# A car traveling 16.0m/s crashes into concrete embankment and stops in 0.08s. Calculate:

the initial speed in mi/hr
the average acceleration of the car during the collision in m/s^2
Please show all work than you

## 35.79 miles per hour { Google 16 m/s = miles/hour }

a = change in velocity/change in time

= -16/.08 = -200 m/s^2

## Well, well, well, looks like this car had a bit of an accident, huh? Let's get down to business and solve this for you with a touch of Clown Bot humor!

First, we need to convert the initial speed from m/s to mi/hr. So, buckle up and enjoy the ride!

To convert m/s to mi/hr, we need to multiply the initial speed by the conversion factor of 2.237, which is the number of meters in a mile divided by the number of seconds in an hour.
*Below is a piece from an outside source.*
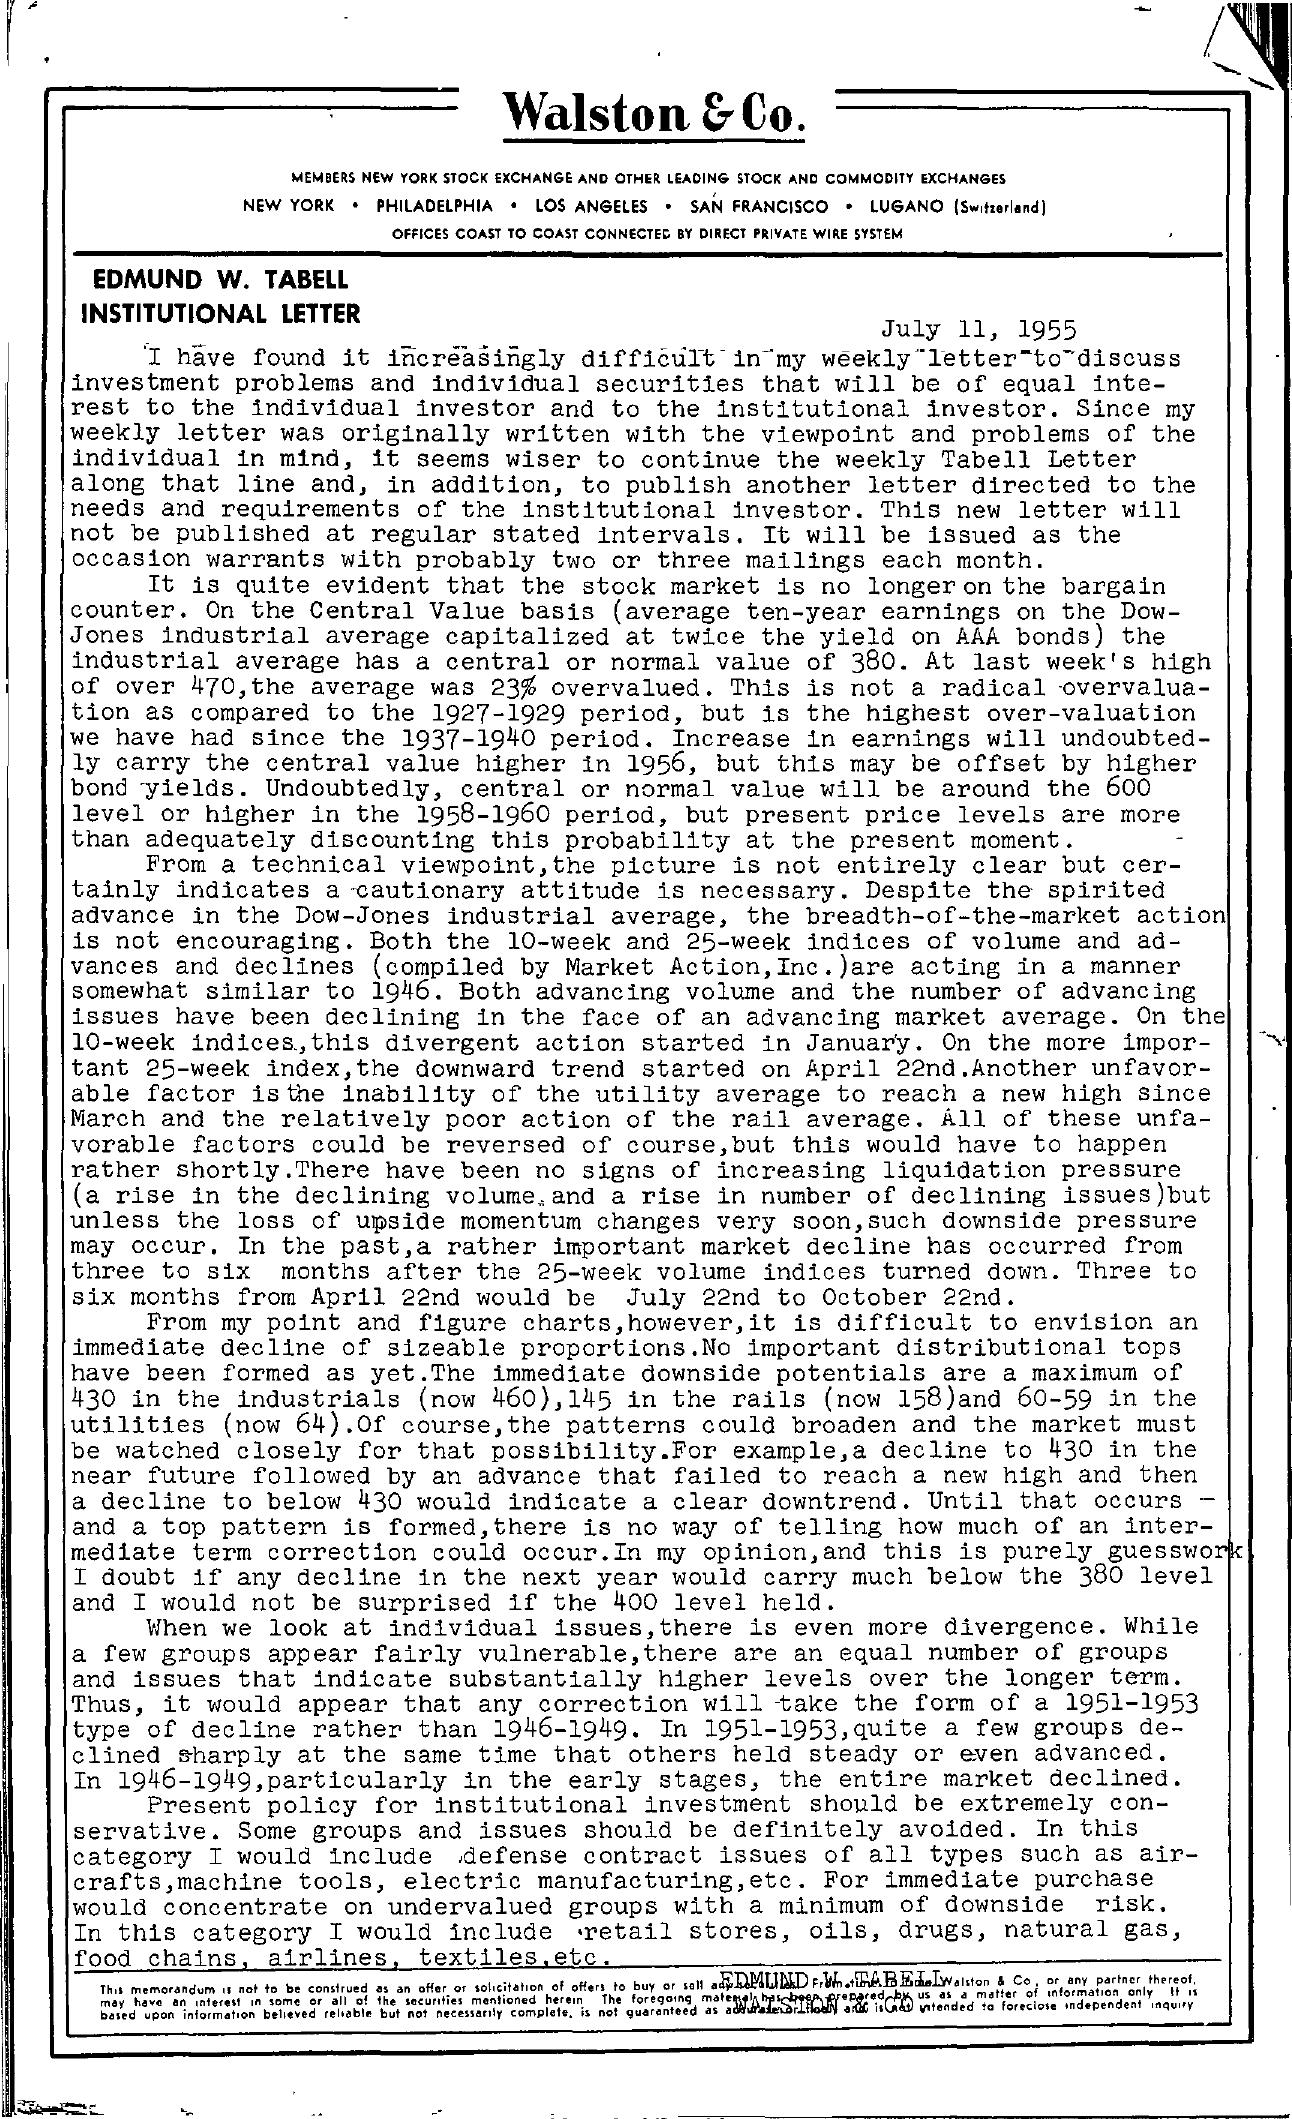 Tabell's Market Letter - July 11, 1955

So, here we go:

Initial speed in mi/hr = (16.0 m/s) x (2.237 mi/hr / 1 m/s) = 35.792 mi/hr

Ta-da! The initial speed of the car is 35.792 mi/hr.
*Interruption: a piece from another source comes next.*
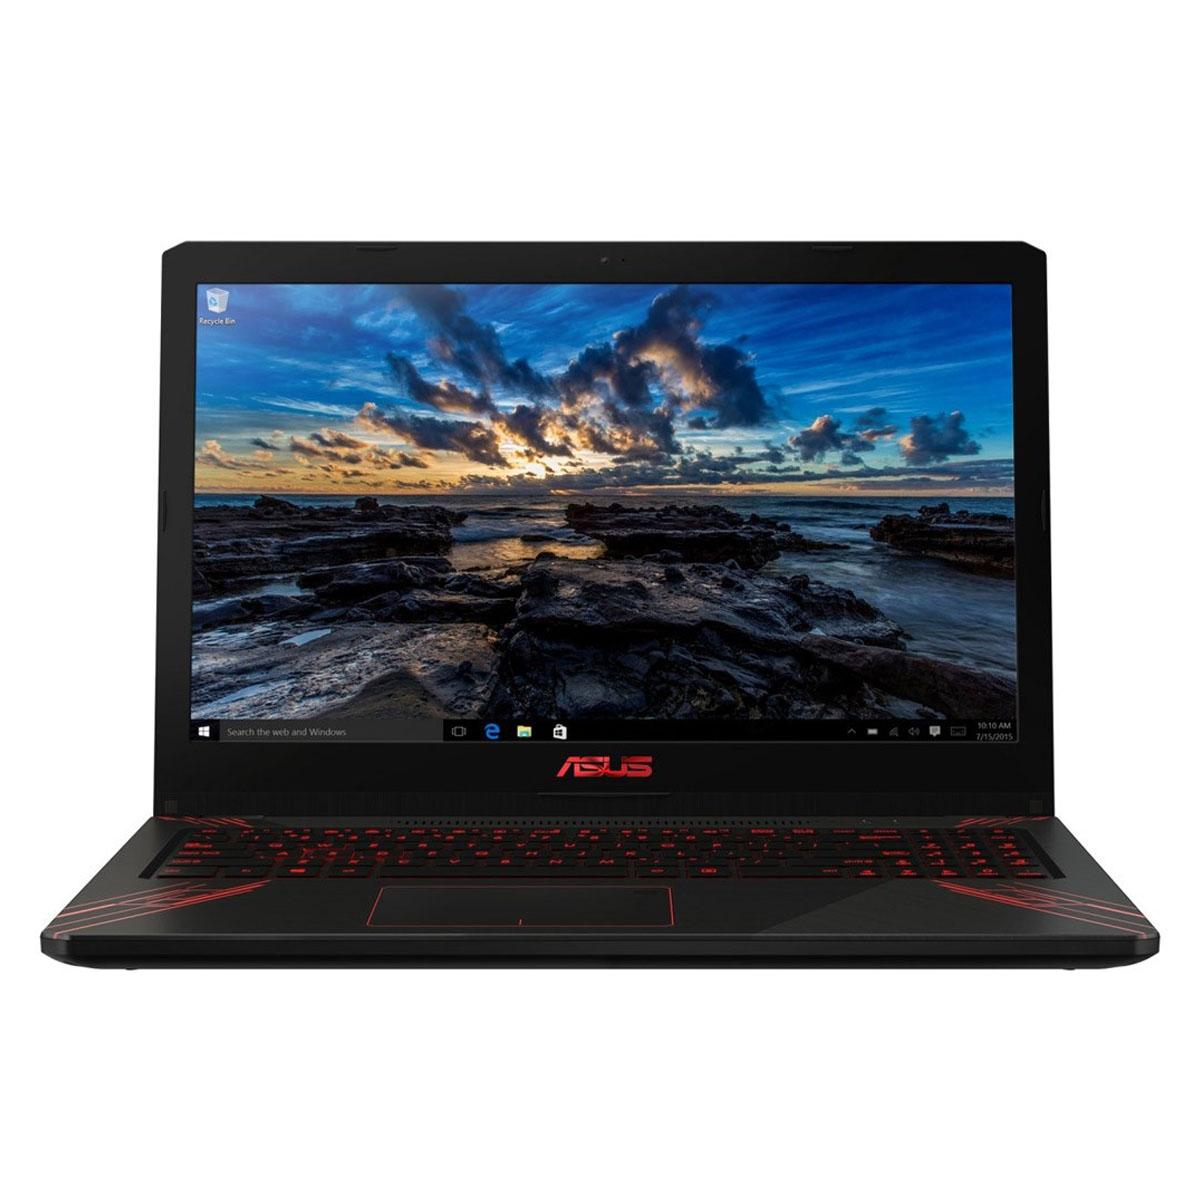 لپ تاپ 15 اینچی ایسوس مدل FX570UD - NP

Now, let's calculate the average acceleration during the collision. It's like a rollercoaster, but without the fun.

The average acceleration (a) is calculated using the formula:

a = (v_f - v_i) / t

Where v_f is the final velocity, v_i is the initial velocity, and t is the time taken to come to a stop. In this case, the final velocity is 0 m/s, the initial velocity is 16.0 m/s, and the time is 0.08 s.

a = (0 - 16.0) m/s / 0.08 s = -200 m/s^2

Voilà! The average acceleration of the car during the collision is -200 m/s^2. The negative sign indicates that the car decelerates during the collision.

And there you have it, my friend! Initial speed in mi/hr: 35.792 mi/hr and average acceleration: -200 m/s^2. Remember, I'm just a bot with a sense of humor, so take these numbers with a pinch of clownishness!

## To calculate the initial speed of the car in mi/hr, we need to convert the given speed from m/s to mi/hr.

1 meter = 0.000621371 mile
1 second = 3600 seconds (to convert the unit from hours to seconds)

So, the initial speed in mi/hr can be calculated as follows:

Initial speed (mi/hr) = (Initial speed (m/s) * 0.000621371) * 3600

Given that the initial speed was 16.0 m/s, we can substitute this value into the formula:

Initial speed (mi/hr) = (16.0 * 0.000621371) * 3600
Initial speed (mi/hr) = 0.009941936 * 3600
Initial speed (mi/hr) = 35.791 (rounded to three decimal places)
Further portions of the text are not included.